Gambito onları hemşirelik eğitimi almış fırıncı Ray Luna’dan aldı – ABD’ye giden birçok Filipinli göçmen gibi ve biraz da isteksizce; 2013’te East Williamsburg, Brooklyn’de Mountain Province kahve dükkanını açmadan önce, “Ah, harika, bir klişe olacağım,” diye gülerek hatırlıyor. Tarifini lola’sının (büyükannesi) bir versiyonundan uyarladı. , ekstra zenginlik için pirinç unu ve hindistancevizi kreması yerine kendiliğinden yükselen un kullanarak. Mutfaktaki tek fırıncıyken menüye koyduğu ilk Filipin tatlısıydı. “Bir tutam içinde yapmak en kolayı,” dedi.

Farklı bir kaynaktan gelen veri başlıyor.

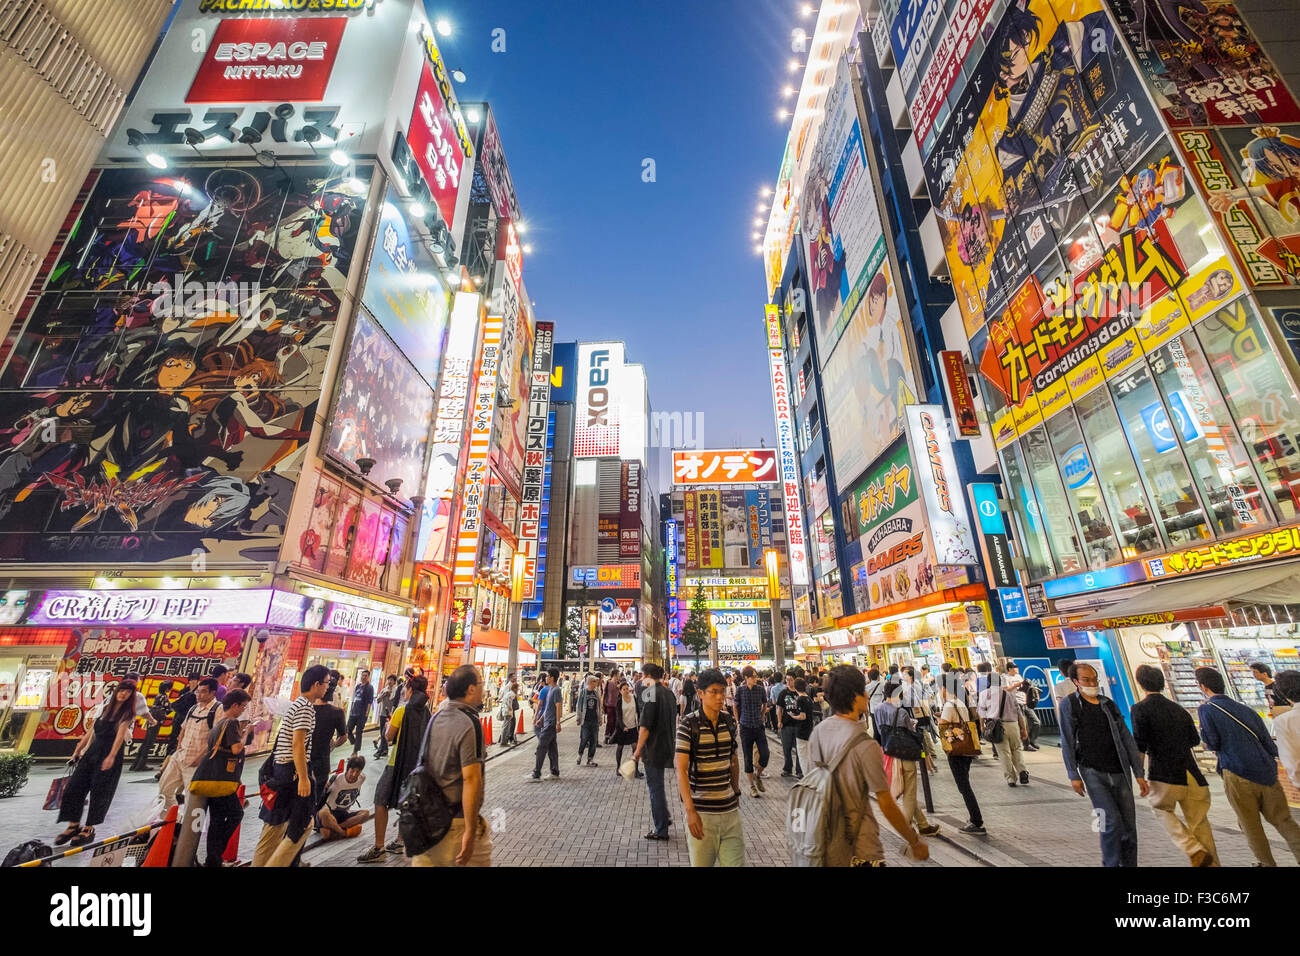 Werbetafeln auf Ladenfronten in Akihabara, bekannt als Electric Town oder Geek Stadt Verkauf Manga Spiele und Videos in Tokio Japan Stockfoto
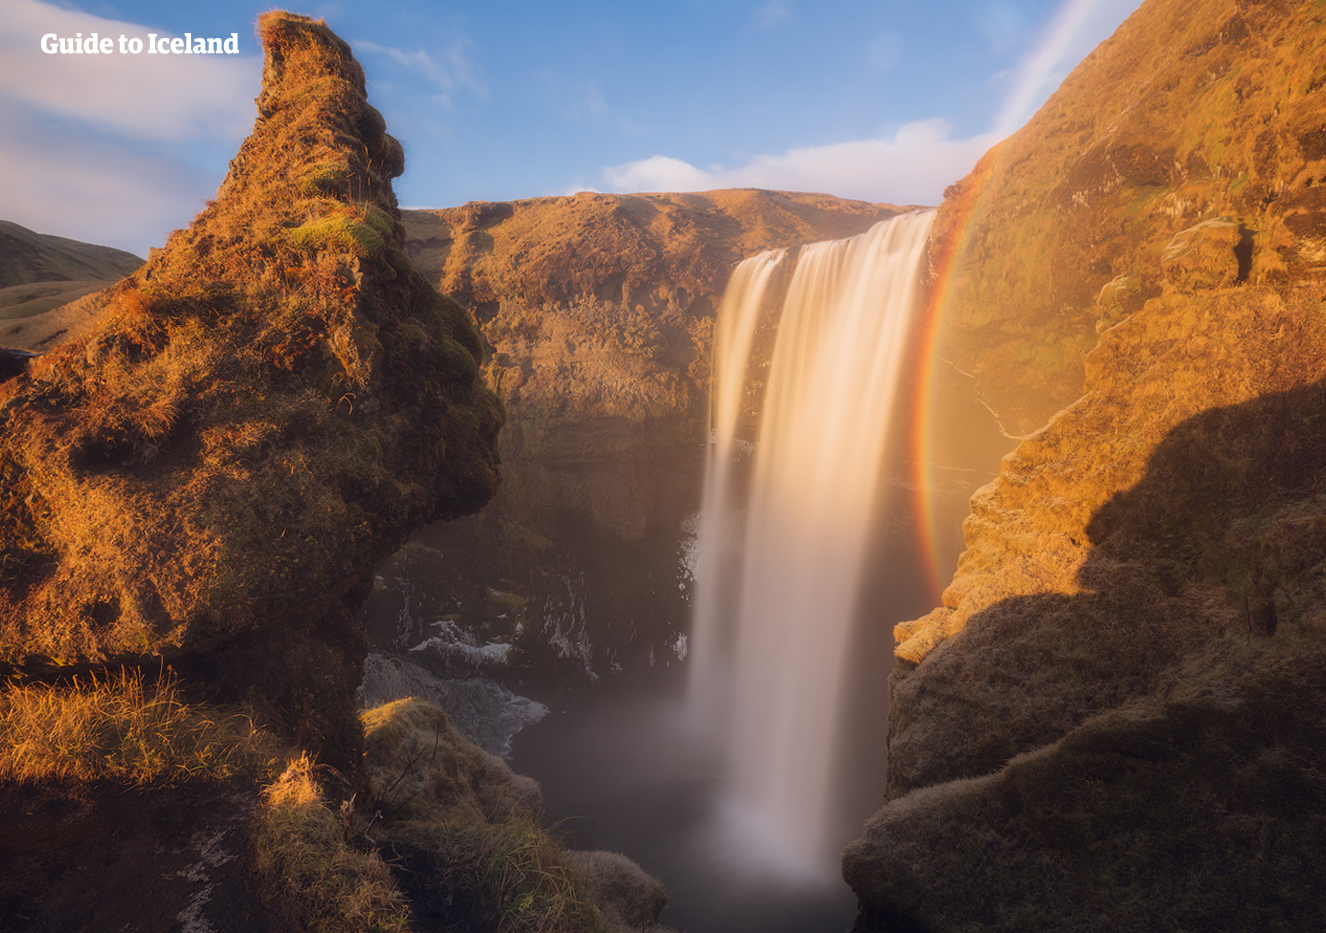 Captura una gran fotografía frente a la cascada de Skógafoss en la Costa Sur.

Dağ Eyaleti neredeyse pandemiyi atlattı. Bu şubatta kapandı. Luna daha önce kanser hastalarına bakan bir hemşiredir. Barkada’yı bir daha gördüğümde bibingka getirebilmek için tarifini paylaşıp paylaşamayacağını sordum. “Ölümsüzlük vermek”, “aksi halde unutulabilecek bir tarife” paylaşmaktan mutluydu.